The answer is a general denial and pleads the Statute of Limitations. The record shows that Canby, a bachelor, died intestate in December, 1921. In 1890 he was the owner of a hundred and twenty-five acres of land in *Page 174 Ralls county, and resided on same continuously until a few months before his death. In 1893 Samuel L. Dickensheets, the husband of plaintiff, with his family moved to the Canby farm and they have resided there continuously since. Canby lived in the house with the Dickensheets throughout the period of his residence on the farm after 1893. In 1905 Canby conveyed sixty-two acres of the land, including the residence, to Dickensheets and his wife. They gave a note to Canby for $300, secured by a deed of trust subject to a $1700 deed of trust then on the place. On March 11, 1905, Canby and Samuel L. Dickensheets entered into a contract by which Canby rented to the Dickensheets the sixty-two and a half acres more of the farm for $100 a year, and agreed thereby that Mr. Dickensheets was to furnish Canby board and meals and washing for $80 a year, the contract to run for ten years. It appears that settlements were made between Samuel Dickensheets and Canby yearly under this contract. In April, 1916, the deed of trust given by the Dickensheets on March 11, 1905, to secure the $300 note, was released and a new deed of trust was given to secure the note of Dickensheets and his wife to Canby for $600. Other real estate transactions were shown involving Canby's real estate holdings. There is evidence that the estate of Canby paid Samuel L. Dickensheets $334.60 for board and firewood furnished Canby from February 12 to September 9, 1921. There is also evidence that Canby carried a small account in two local banks. At his death, Canby's estate was worth about $5000.
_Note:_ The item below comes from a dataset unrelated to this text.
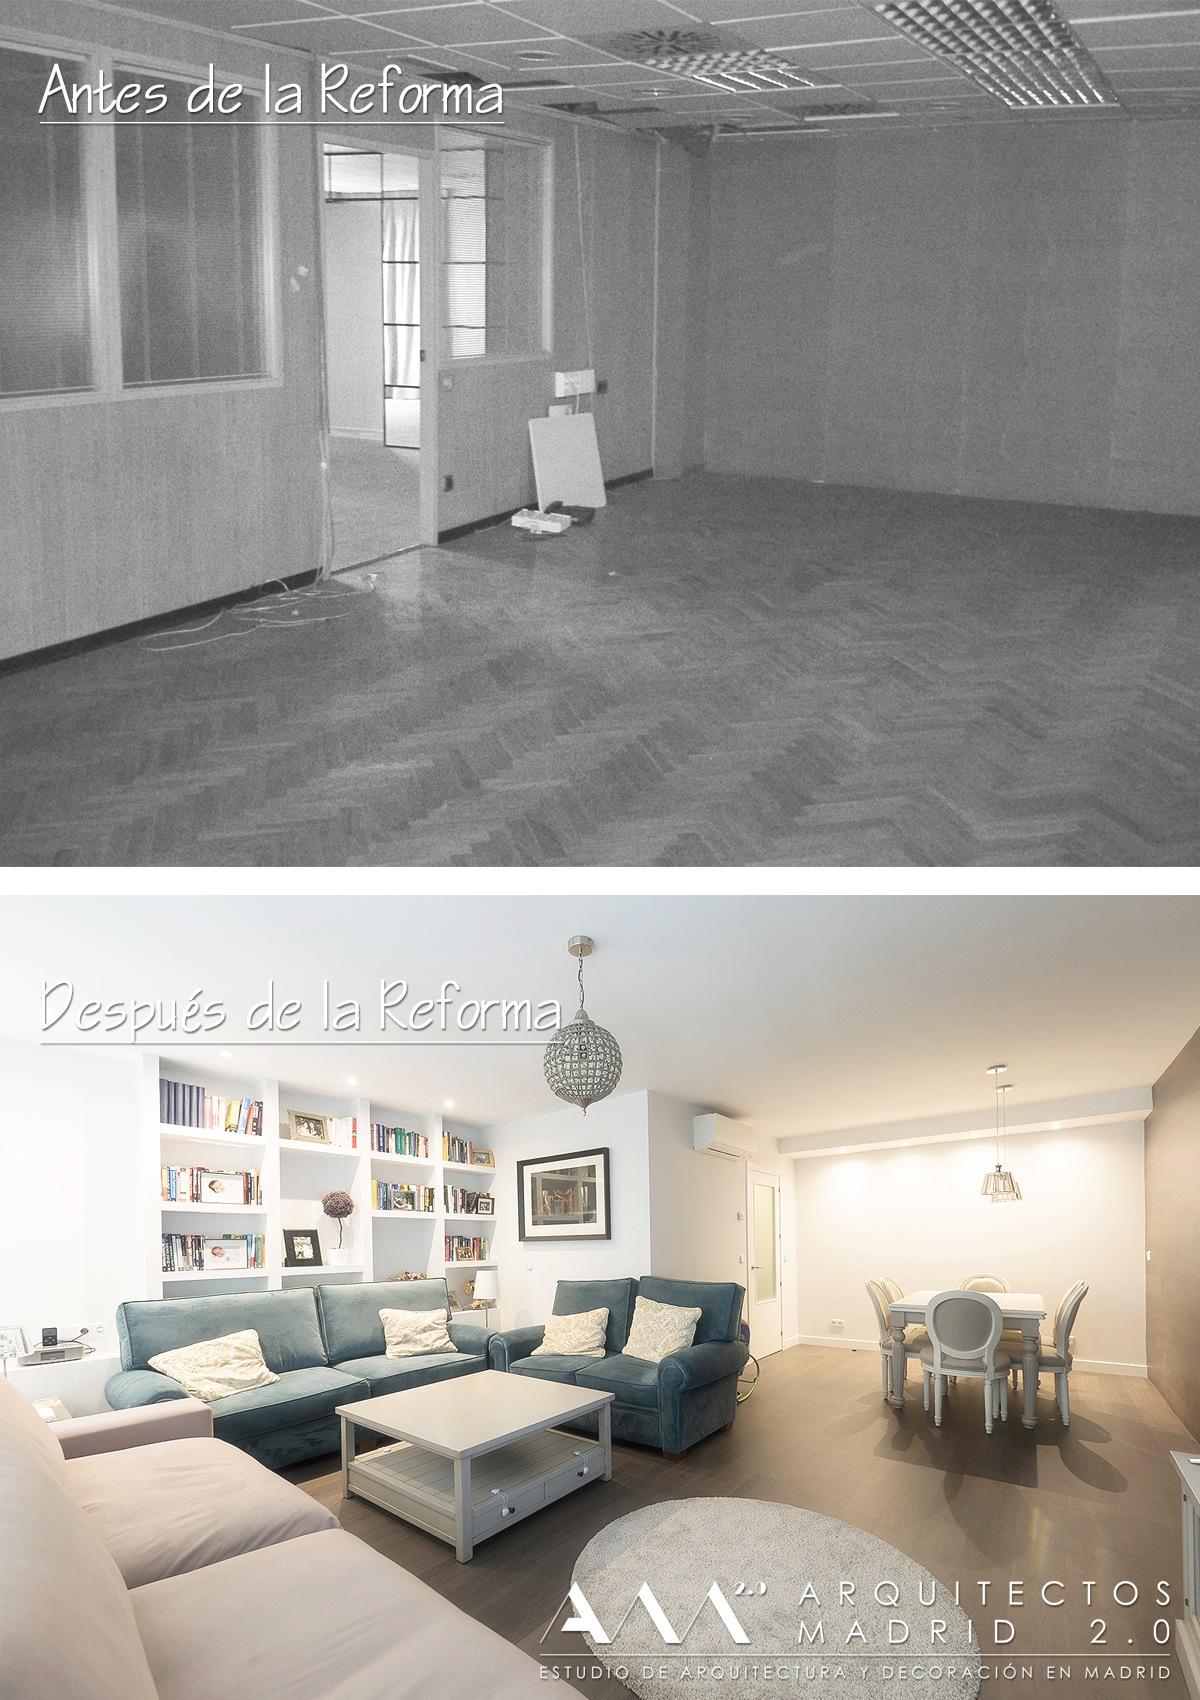 reformas-viviendas-ideas-antes-despues-pisos-casas-obras-22

In the contract made in 1893 it was agreed that Canby was to live with the Dickensheets family, and that he should have and occupy a certain room in the house. There is evidence that Canby at that time asked Dickensheets what board he was to pay, and requested that since he was hard-run for money he would like board as cheaply as possible. Dickensheets replied that he did not want to make any profit off of him, and that he would charge him only what it would cost to buy the food he ate. After *Page 175 some conversation it was concluded that it would cost about $80 a year, or about seven and a third cents per meal to cover the net amount required for food. During this same conversation, Dickensheets told Canby that the $80 per year would not include the services of his wife, plaintiff herein, for preparing the meals, keeping his room clean, doing his washing and mending his clothes, and that Canby would have to make some arrangements with his wife for those services. Plaintiff testified that she was present during this conversation, and that Canby then asked her what she would charge him for her services so to be rendered, and that she told him she did not know but that she would be fair and reasonable in her charges; that Canby agreed that he would pay what was reasonable and right.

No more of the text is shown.